We drove back with Isadore as he explained to us his many jobs and talents as a musician, farmer, business man and taxi driver. He was supposed to perform at the afternoon Marquesian dance presentation for all those who had been on the Aranui 3, but we arrived at the Pae Pae Tenei (traditional meeting platform) just as the dancers were wrapping up and the rest of our fellow passengers were taking a few pictures for lunch. As we pulled up to where the performance was held Isadore seemed to have a bit of a pale look on his face. His brand new vehicle was making a slight hissssssing sound from the back end. After a bit of further discovery we discovered that the hissing sound was coming from the rear passenger tire. It looked like a rock had rubbed up against the side of the tire and it was quickly going flat as we watched the car sink closer to the ground. Isadore motioned for us to go on to lunch while he repaired his vehicle promising us that he would have one of his music CD’s and a few flower stones ready for us when we returned back to Ua Poe before our return back to Papeete.

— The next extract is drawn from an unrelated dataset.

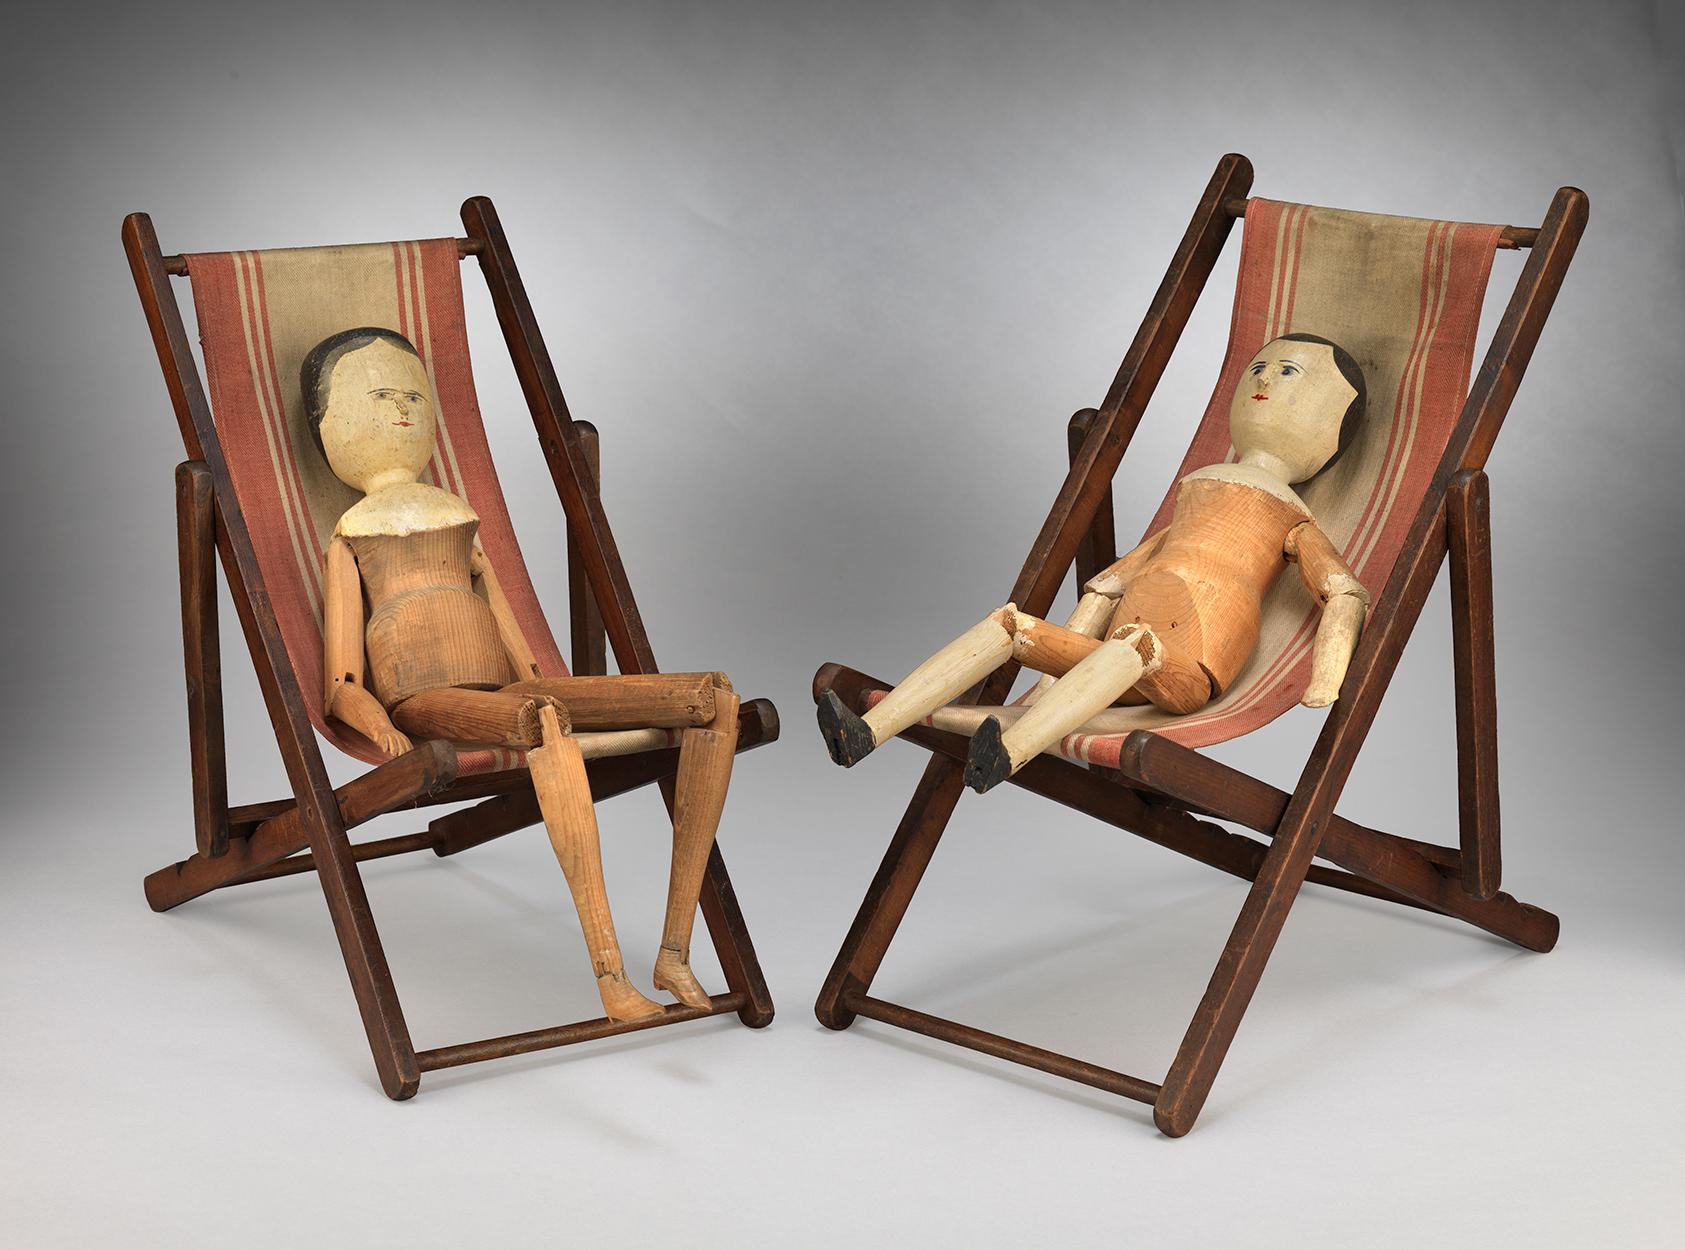 An Unusual Pair of Miniature Deck Chairs

There are not many places to eat on Ua Poe but the Aranui 3 organized a local lunch for us that was very impressive. Chez Rosalie’s restaurant is apparently only open when the Aranui is in port and so we were treated to a feast of shrimp potatoe salad, octopus, cooked bananas, rice and bright yellow watermelon. It was a much needed feast after walking around in the hot 32 degree Celsius afternoon sun.

By the time lunch was over, we had little more time than to head back to the Aranui for our departure to the other side of the North end of the island of Ua Pou. The boat left the busy port of Hakahau with its 1500 residents for the town of Hakahetau with its 200 inhabitants. In this harbour there was no place to moor the large ship and so our family along with the other passengers boarded the ship’s whaling boats. These smaller boats hold about 30 people and can handle rougher waters. As we pulled up to the cement dock that jutted slightly out into the harbour we had a fun time dismounting with the ongoing waves that would lift and drop the boat in a very precarious way. Although it was the most rough dismount I have experienced, there were about five Aranui staff members to pull us out of the boat and help not only our children but us adults up to the top of the cement wharf.

As we arrived we walked up the little village road where we saw dogs, chickens and even a large pig tied to a tree in a resident’s yard. School was just getting out and so we also saw mothers picking up their children while other little 6 to 8 year old children just walked home. We followed a few of the children as they were going in the same direction as we were going. A 10 minute hike took us up the hill to a beautiful flat stone viewpoint that let us look over the pristine bay with its tall green mountains and hills on all sides. This side of the island was much more lush and green than the previous dry village we had seen. The flat stone lookout was covered in coconuts that were being dried in the sun for about two weeks in order to produce the highly sought after copra.

As we headed back to ship after only 2 hours on shore, we could see the local residents gathering the last of the goods that they had transported on our cargo ship. The cargo being transported to this side of the island was much smaller as the goods had to be transported by smaller boats and all items had to be moved by hand (rather than using the tall ship’s cranes). The last load of the day that I saw driving away was a pickup truck full of the highly prized toilet paper. I would estimate that at least 400 cases of toilet paper were in the back of the pickup truck, something I reminded them was obviously very important.

Shortly after arriving back on the boat, we attended our usual evening briefing for tomorrow so that we could prepare everything we needed. As usual the following 3 course meal was a marvelous feast that I am sure takes no notice of anyone’s waistline. The children were once again fed an hour earlier than the adults and it did not take any coaxing to get their sleepy heads to bed for the evening.